I would add, that as a user of the SLR I would rather have had this to play with - as you can probably tell from the notes I've added in the text! They [the points] were all also true of the later SA80 which I was issued in 1987 as one of the first units to get it, and we got it before the drill had been taught us, so for a while the arms cote had a pile of unloved SLR's in one corner just for drill/ceremonials!
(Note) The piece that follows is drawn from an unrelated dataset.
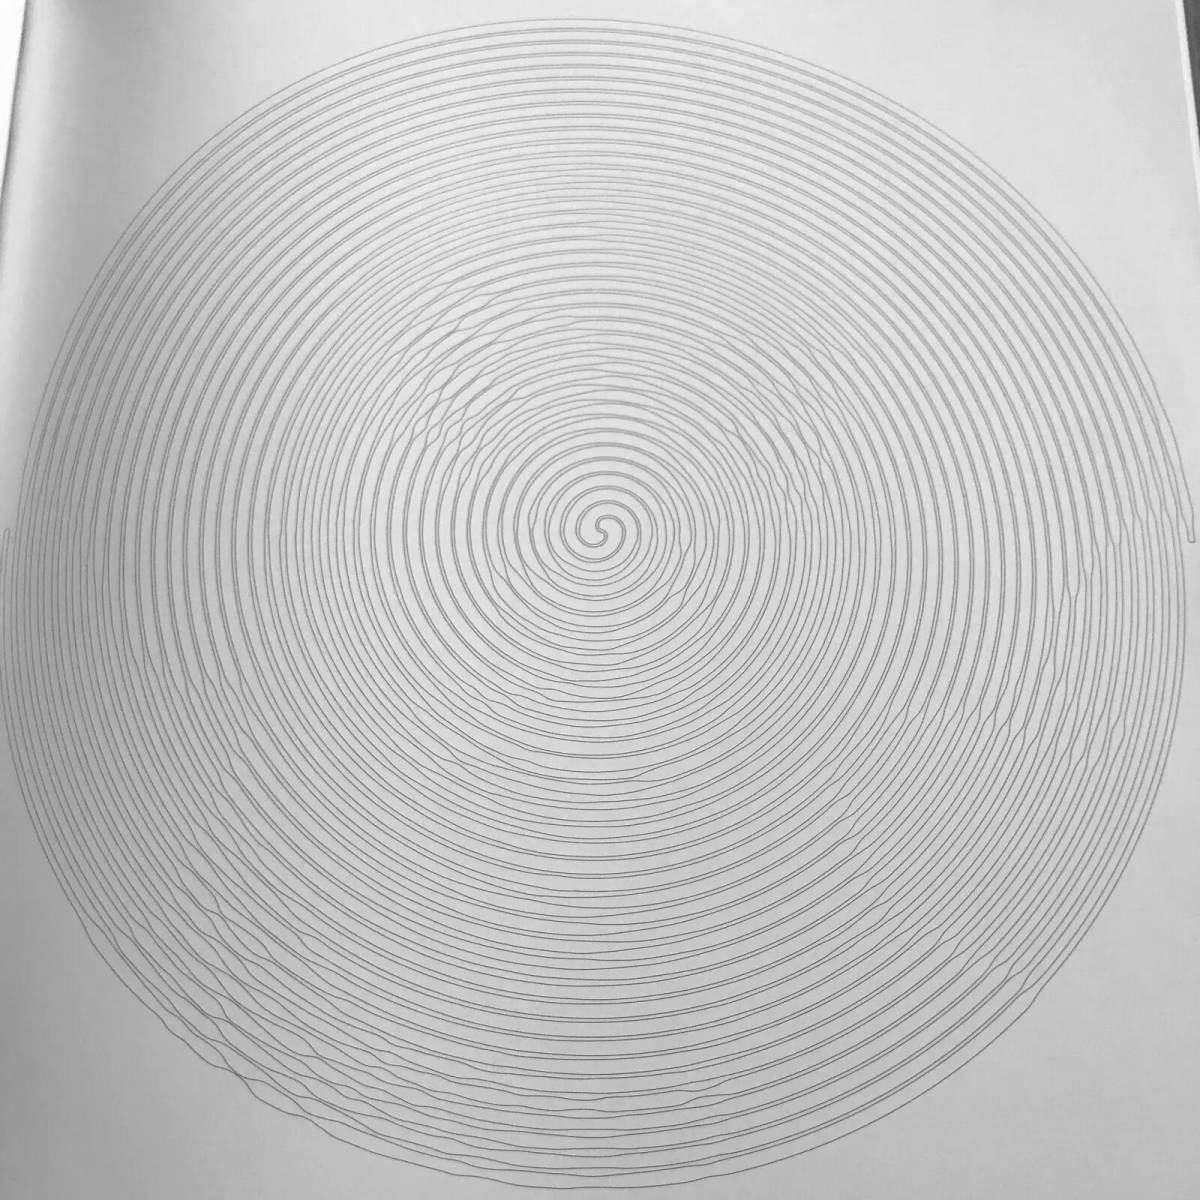 Подробная страница раскраски полосатого круга

The shorter length meant egress from vehicles and FIBUA were both easier, the position of the magazine meant you could replace an 'empty' without waving the thing all over the place, recoil was zero compared to the kick of the old gatt, the mag. didn't foul on the ground, or catch on things...

Links
Many thanks to Andy Clarkson at Soldier Magazine
Wikipedia - EM2 page
Memories of 1st Btn. Harts & Bucks Reg.
Wikipedia - Other Bull Pups
Wikipedia - The Bayonet

Part two (post below, if scrolling/'older post' if browsing) looks at a late entry in the field...

4 comments:

  1. Good post mate, I've seen a few of these but never actually seen one fired

    ReplyDelete
  2. Cheers Al, I've never even seen one! But the SA80 was/is a very similar beast in layout, and having struggled with the SLR, I wish we'd had the EM2 instead, but even if we had, by the 80's they would have been just as problematical to use...old, worn weapons just don't work properly!

    If you follow some of the links you will find that the troops in the recent conflicts have complained that the 5.56 (whatever weapon) has been very bad re. 'stopping power', the 7mm would have floored fanatics as quickly as the old 7.62!

    H

    ReplyDelete
  3. My father Eric Unsworth was one of the soldiers demonstrating the rifle. His picture was published showing the key to the main points of the rifle.

    ReplyDelete
  4. Fascinating Anon, was he in the Demo' battalion, do you know? Warminster, or SASC?